Après avoir exprimé son besoin de retrouver la bonne voie, Enima se retourne sur l’errance de ses années passées. Le propos est sensiblement similaire à ce que l’on entend sur le reste du projet mais l’apport de la voix éraillée de So La Lune renforce l’aspect émotionnel du titre. La mystérieuse pépite du rap français confirme un peu plus les espoirs suscités par son premier album Fissure de vie et ajoute cette collaboration à la déjà longue liste de rappeurs qu’il a su adapter à son univers si particulier, tels qu’Aketo, DA Uzi ou Captaine Roshi. La mélancolie qui se dégage des cordes vocales de So La Lune permet d’illustrer davantage la désolation du passé d’Enima, et permet à ce titre de former un diptyque avec le précédent, les leçons tirées des erreurs évoquées dans les deux morceaux représentant la clé pour retrouver cette fameuse bonne voie.

 

Enfer

Ce morceau reste dans le même univers que les précédents, cependant, il s’en dégage malgré tout une note d’espoir. Il affirme « J’étais déjà en enfer, j’suis sorti de nulle part » dans le refrain, en prenant soin de parler de cet enfer au passé. Même si la solution pour oublier ce passé est peu recommandée pour la santé, « lean et perks », Enima semble décidé à laisser l’Enfer derrière lui et à avancer, ce qui fait écho à ce qu’il rappait déjà dans Nouveau boss : « Maman j’rejoins mes rêves, après toute cette attente / J’apprécie le moment / Il fallait bien de la souffrance, il fallait bien une descente / Pour remonter la pente ». On sent approcher la fin du projet, Enima se détache de plus en plus de ses préoccupations matérielles des premiers titres pour se recentrer sur lui-même.

Enima - Million [Clip Officiel] - YouTube

 

Deep days

Sur un air de piano mélancolique, Enima se place désormais en observateur extérieur de son environnement avant d’à nouveau parler de lui mais désormais avec un nouveau regard.
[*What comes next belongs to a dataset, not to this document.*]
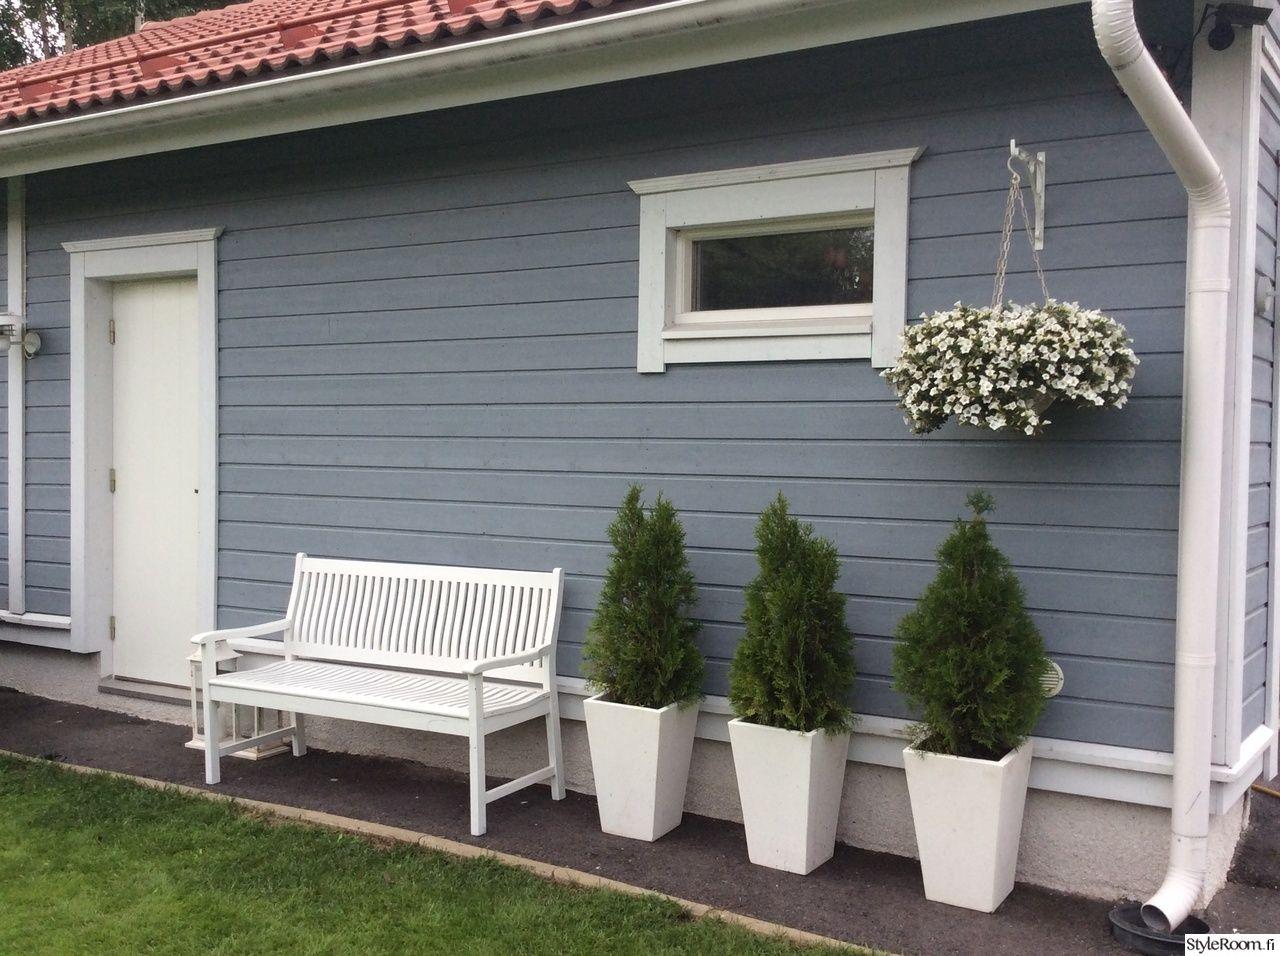 Sinisen talomme puutarhassa ja terassilla.. Pieni suihkulähde terassin reunalla.. Takapihan terassi. Rentouttava paikka, ulkoporeet . Kesäkukat kauneimmillaan! . Kesäkukkaistutuksia.

Il n’hésite plus à laisser transparaître sa tristesse et sa mélancolie, présente en toute situation : « J’suis encore triste aux Galeries Lafayette ». L’argent n’a ainsi pas apaisé ses maux, et la drogue semble les avoir aggravés. Enima a rarement été aussi introspectif dans sa carrière, et lorsqu’il évoque des faits divers et éléments de la vie de rue montréalaise, il emploie désormais « j’ai vu » pour en parler, comme pour s’écarter des actions dans lesquelles il était auparavant impliqué et pas un simple spectateur. Cependant, il met également en avant ce qui lui a permis de tenir et d’assumer cette vie : « Jamais perdu l’espoir, jamais perdu mon trône », comme ce qui le motive désormais : « J’pourrais perdre les billets, la carrière mais pas la faim ». Cette phrase permet de résumer le projet et la situation actuelle d’Enima, qui a quitté le faste instable de la vie de dopeboy canadien pour une carrière plus classique de rappeur en France, en ayant acquis le goût de l’effort et l’envie d’aller au charbon pour conquérir un nouveau public. Ce projet sonne comme une nouvelle carte de visite, presque le commencement d’une nouvelle carrière, dans lequel Enima pose de nouvelles bases en tentant d’adapter son univers à son nouveau pays d’accueil pour habituer le public français à ces sonorités, avant de proposer par la suite des projets plus ambitieux et à plus large portée.